I'll PM some comments to you all about my original post as i'd like to shift this excellent and thought-provoking thread back onto topic.  In a way i'm glad to have been a little contentious but i don't want to distract from what i'm sure will be a very useful thread for newcomers to look at.  
Incidentally - any chance of one of the photography bods writing an article/sticky on tank photography.  I've looked at the IAPLC guidance but not found it "idiots guide" enough!  A bit of info about post-processing and the options available (again, PS is very expensive- are there any free options that work in a similar way, how to get the best out of the package etc) would be really handy.  When i finally get my camera i'm going to attempt a photo (rather than a tank) journal to hopefully show a progression and tap all your lovely minds for hints and tips!
Thanks folks,
Matt


----------



## ceg4048 (19 May 2011)

bigmatt said:
			
		

> ...(again, PS is very expensive- are there any free options that work in a similar way, how to get the best out of the package etc)..


Hi Matt,
           Yeah The Gimp originally developed as a Linux clone of Photoshop has been ported to Windows, is free, and does probably 95% of what Photoshop does.

As mentioned before better gear allows you to get better expression, but it can't make you a better photographer. One of the most recognize and legendary photographer was Ansel Adams who use nothing more than a virtually 19th century wooden box camera with a hole in it for the lens and a pack mule to carry the gear around. His photos of Yosemite and other landscapes are unmatched and even with super fantastic gear we have almost 100 years later, no one has been able to match his work. What low tech gear he had, he understood at a transcendental level. But even Ansel started at the beginning as must we all.  

Cheers,


----------



## sanj (20 May 2011)

I am not convinced that photography always presents a true picture of what many of the tanks you see in magazines are actually like to the human eye. Professionally these tanks are set up with various photogarphy enhancing props such as flashes, additional lighting, white reflecting boards etc. It enhances and sometimes even exaggerates the scape, but is it really what one would see in person.

I think it is useful in aquascaping especially when capturing evolution of a scape, but each individual has their own motivations and photogaphy can play a small part or even be the reason one takes up aquascaping.


----------



## Morgan Freeman (22 May 2011)

Photography shouldn't represent a true picture of the image, it should enhance it and turn it into a piece of art.

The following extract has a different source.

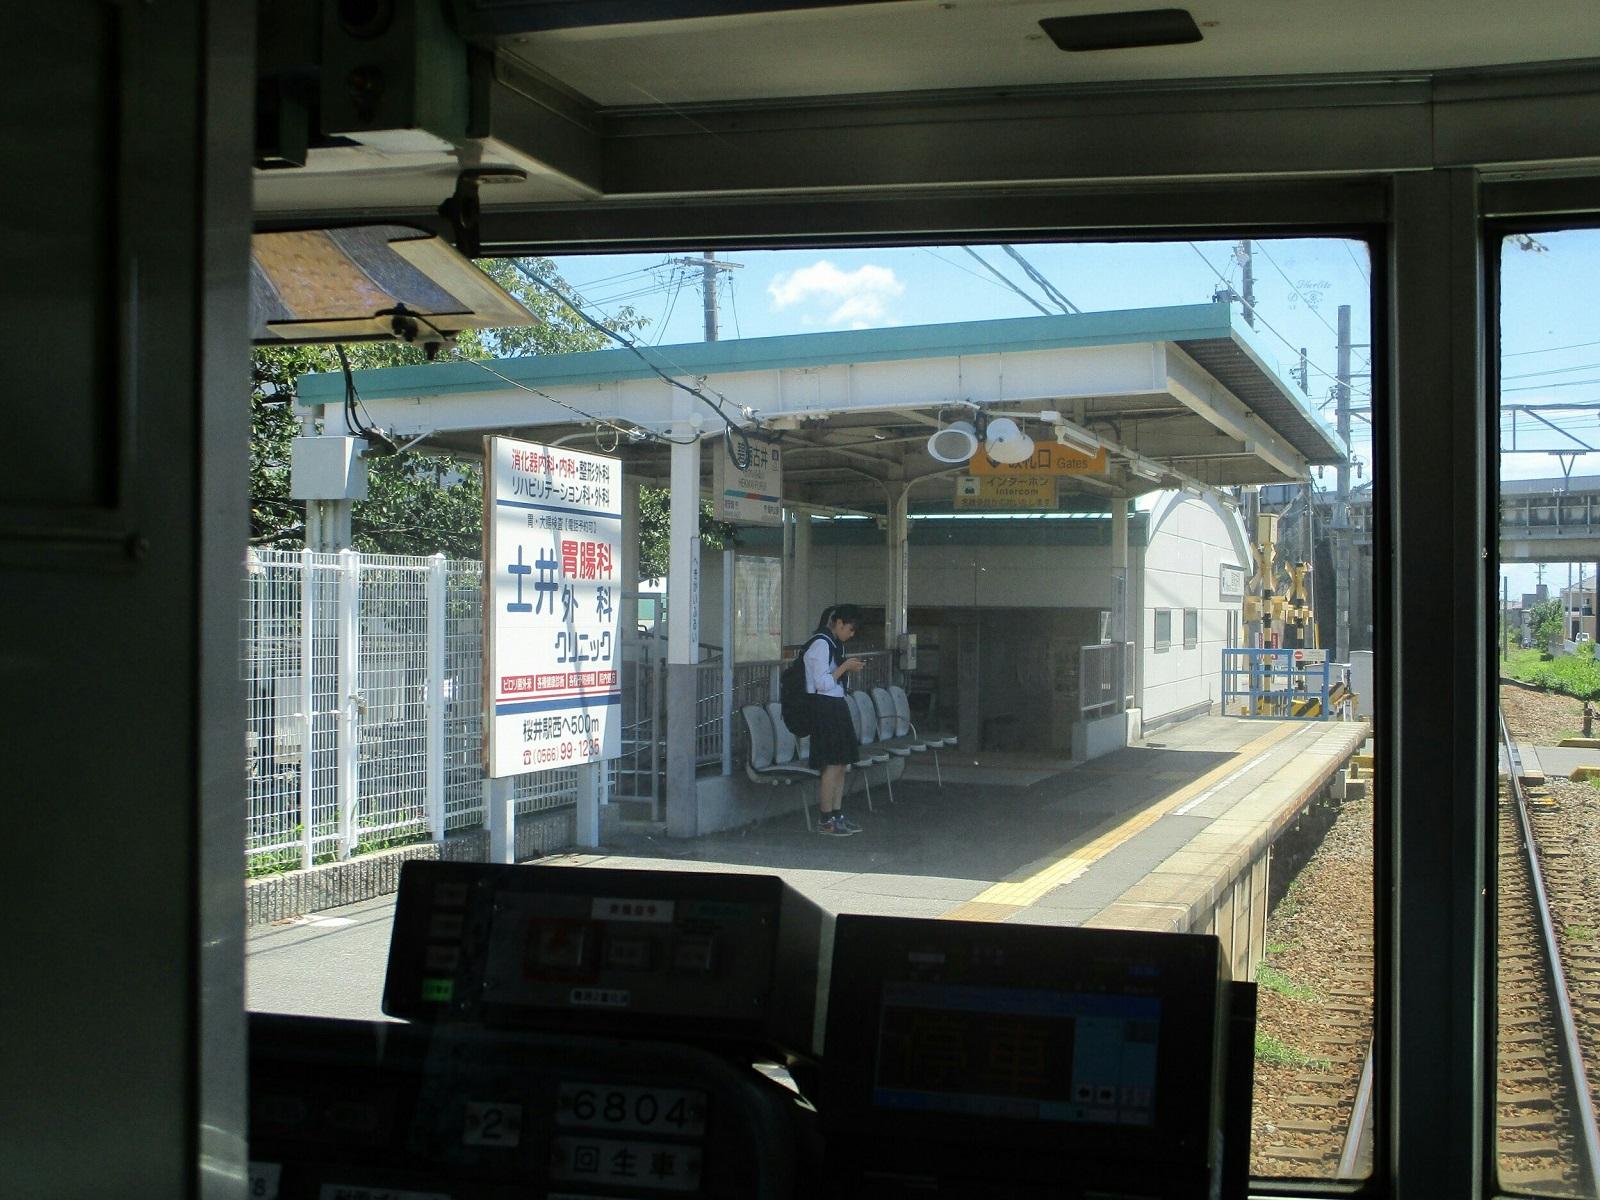 2018.7.31 (28) 西尾いきふつう - 古井 1600-1200

Obviously it's important to take photos to a high enough standard so as not to take away from your scape but over and above this level and you're not just showing off your scape but your skills in creating an extra dimension in aesthetic quality. If we were merely trying to show off our scapes we'd keep the lights the same, no fancy backgrounds, no hairdryers on the water's surface and so on.


----------



## George Farmer (23 May 2011)

Morgan Freeman said:
			
		

> Photography shouldn't represent a true picture of the image, it should enhance it and turn it into a piece of art.


I don't think _all_ photography should be turned into art, and there many cases for some photographs to accurately represent the subject as closely as possible.

However, if you put the word, "Aquascape" before "Photography" in your statement...


----------